Materials and Methods: Six pairs of human HCC tissues and adjacent non-tumor tissues were collected to analyze the transcriptome-wide m5C methylation of long non-coding RNA (lncRNA). RNA MeRIP-seq was performed to identify m5C peaks on lncRNA and differences in m5C distribution between HCC and adjacent tissues. Gene ontology (GO) and Kyoto Encyclopedia of Genes and Genomes (KEGG) enrichment pathway analyses were explored to predict the possible roles of m5C.
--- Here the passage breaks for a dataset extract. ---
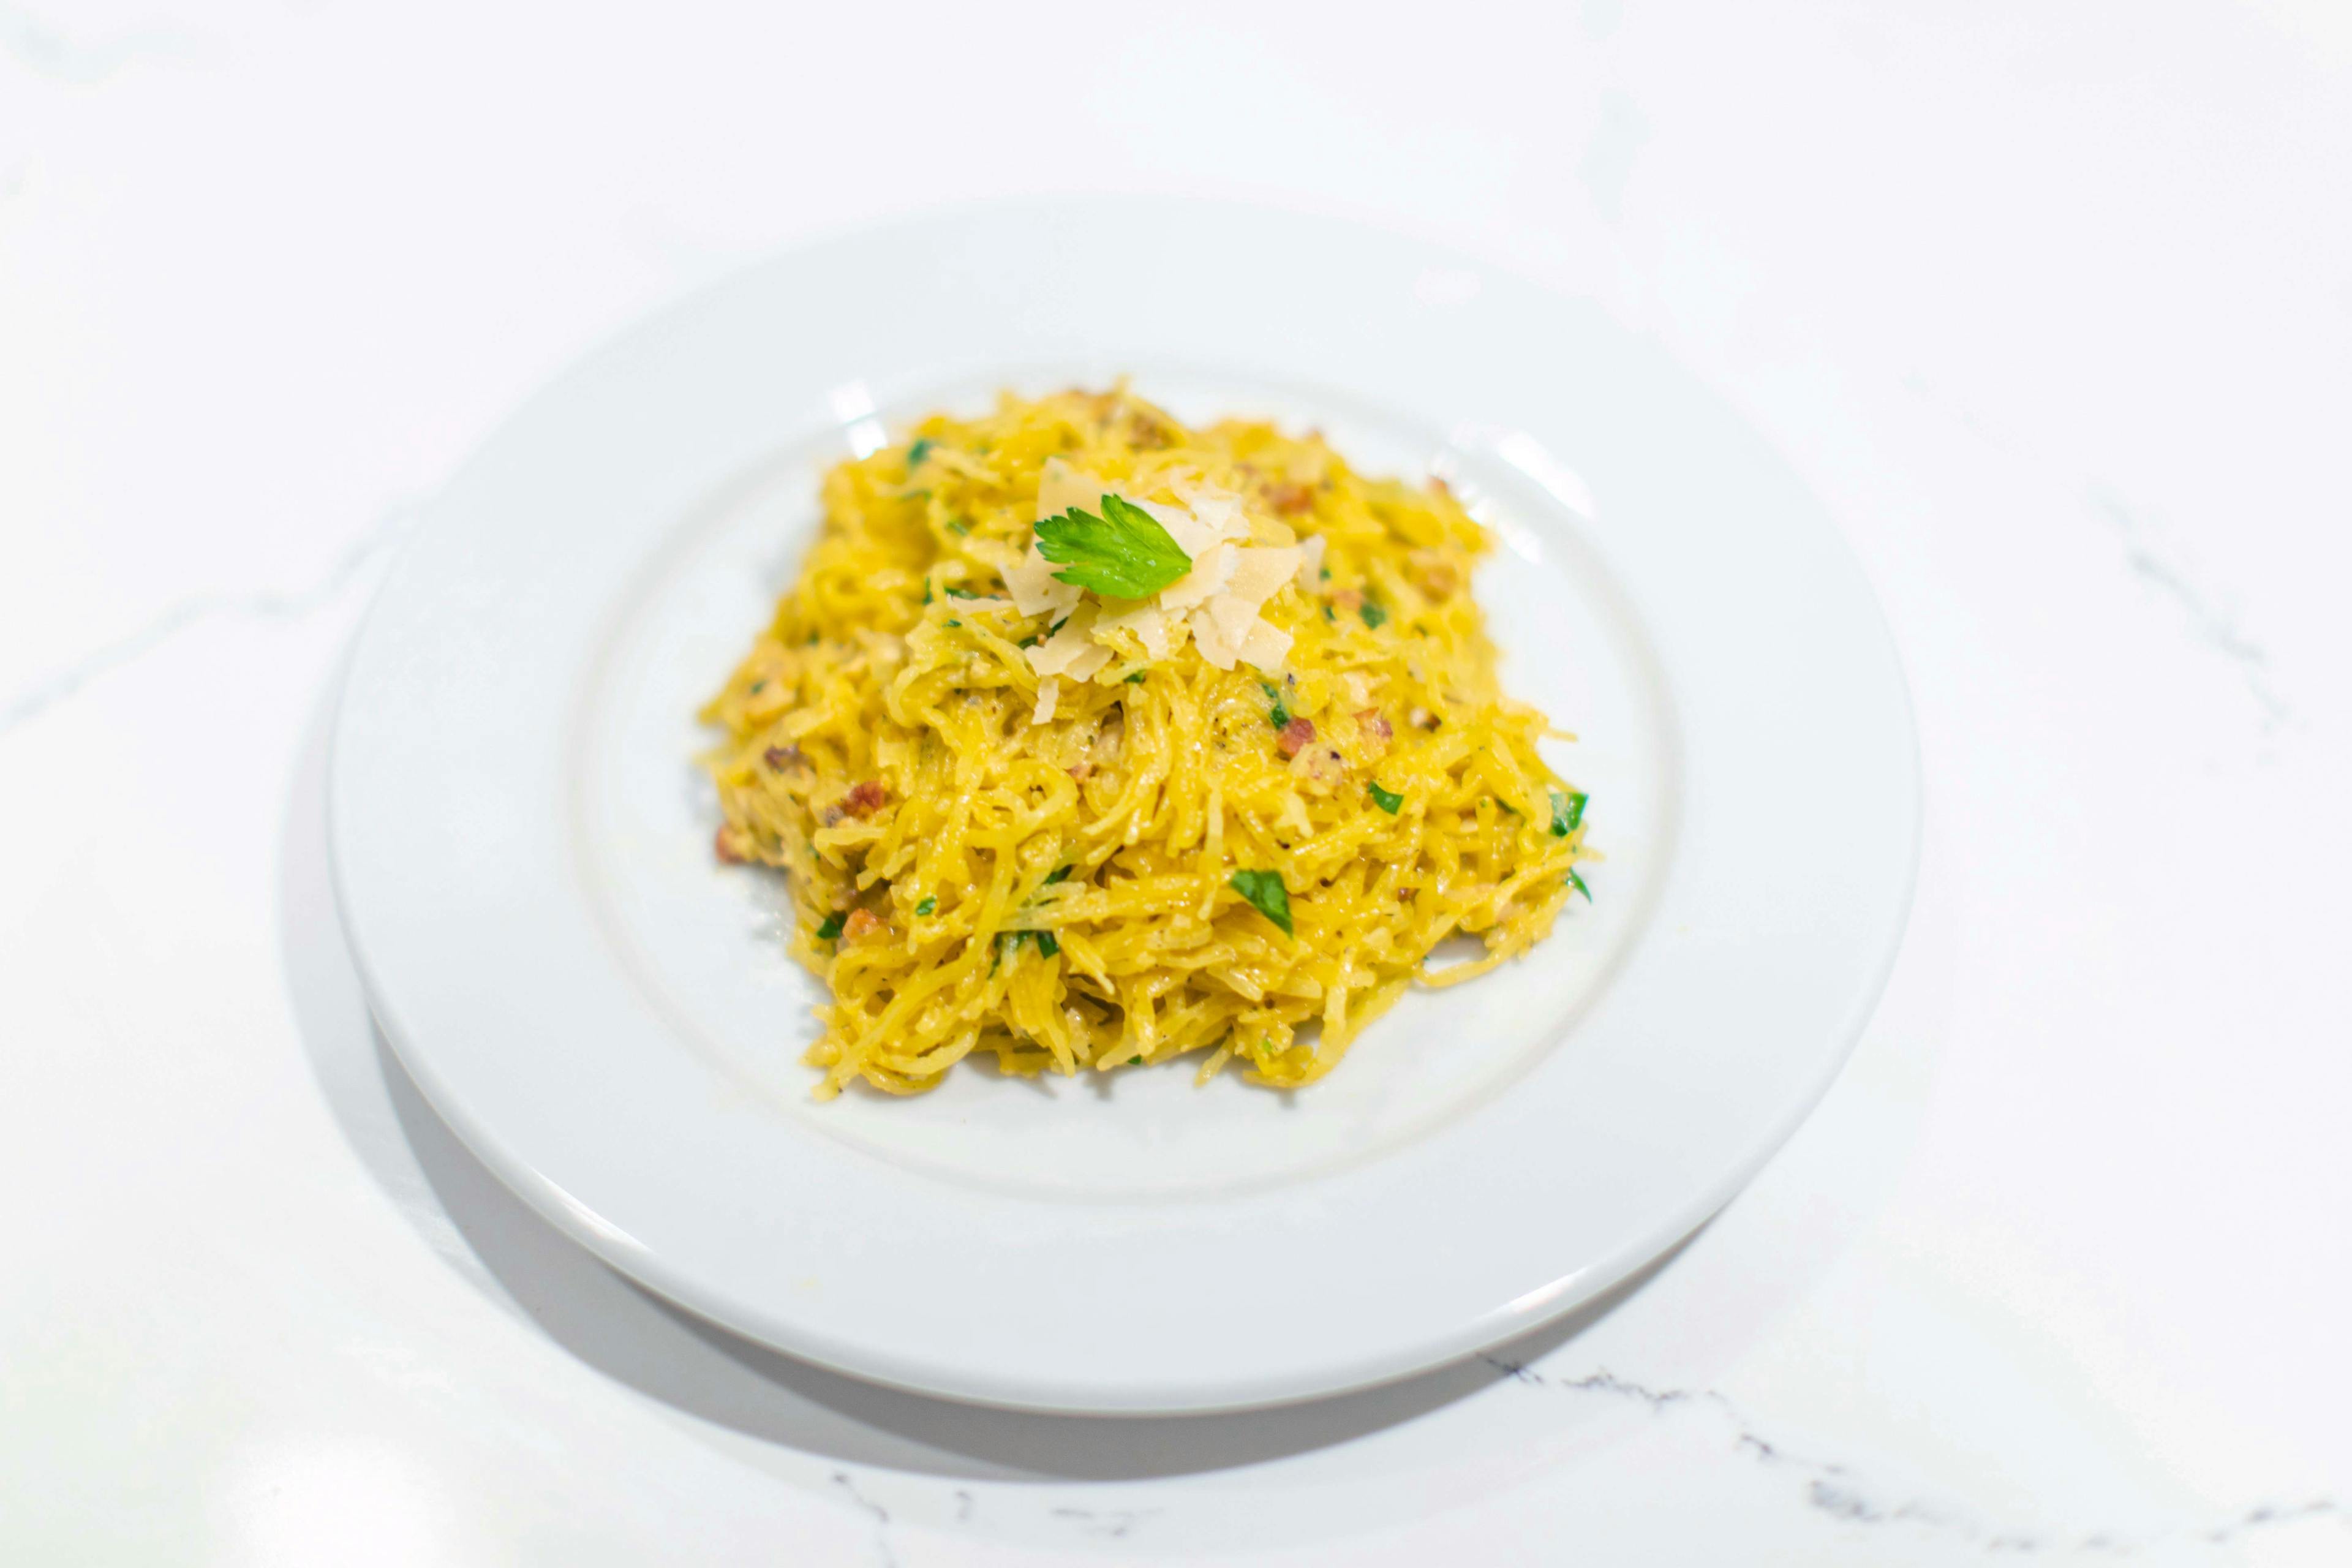 The Holly Furtick recipe: 'Spaghetti Squash Carbonara'

Results: Using m5C peak sequencing, we observed that a sequence motif was necessary for m5C methylation in HCC lncRNA. Unsupervised hierarchical cluster analysis confirmed that lncRNA m5C methylation occurred more frequently in HCC than adjacent non-tumor tissues. RNA sequencing data demonstrated that more genes were up-regulated by methylation in HCC, while methylation down-regulated more genes in adjacent non-tumor tissues. GO and KEGG pathway analyses revealed that genes having a significant correlation with m5C sites in lncRNA were involved in HCC signaling pathways.
Conclusion: Our results revealed the substantially different amounts and distributions of m5C in HCC compared to adjacent non-tumor tissue. We further predicted the cellular functions in HCC that m5C may participate in to provide evidence implicating m5C lncRNA epigenetic regulation in the tumorigenesis and progression in HCC.
Keywords: m5C, lncRNA, hepatocellular carcinoma, tumorigenesis
Introduction
Posttranscriptional RNA modifications have emerged as an additional layer of epigenetic regulation.1 Over one hundred different chemical modifications in RNA have been described, including pseudouridine, N6-methyladenosine (m6A),2 N1-methyladenosine (m1A),3 and 5-methylcytosine (m5C).4 Accumulating evidence suggests that RNA modifications play critical roles across a variety of biological functions that can contribute to disease pathogenesis. For instance, m6A modification of Wilms tumor 1-associated protein (WTAP) positively correlates with liver cancer oncogenesis through the HuR-ETS1-p21/p27 axis,5 and m1A-related gene dysregulation is associated with tumorigenesis in gastrointestinal cancers,6 with ErbB2 and mTOR signaling pathways likely modulated by m1A regulators.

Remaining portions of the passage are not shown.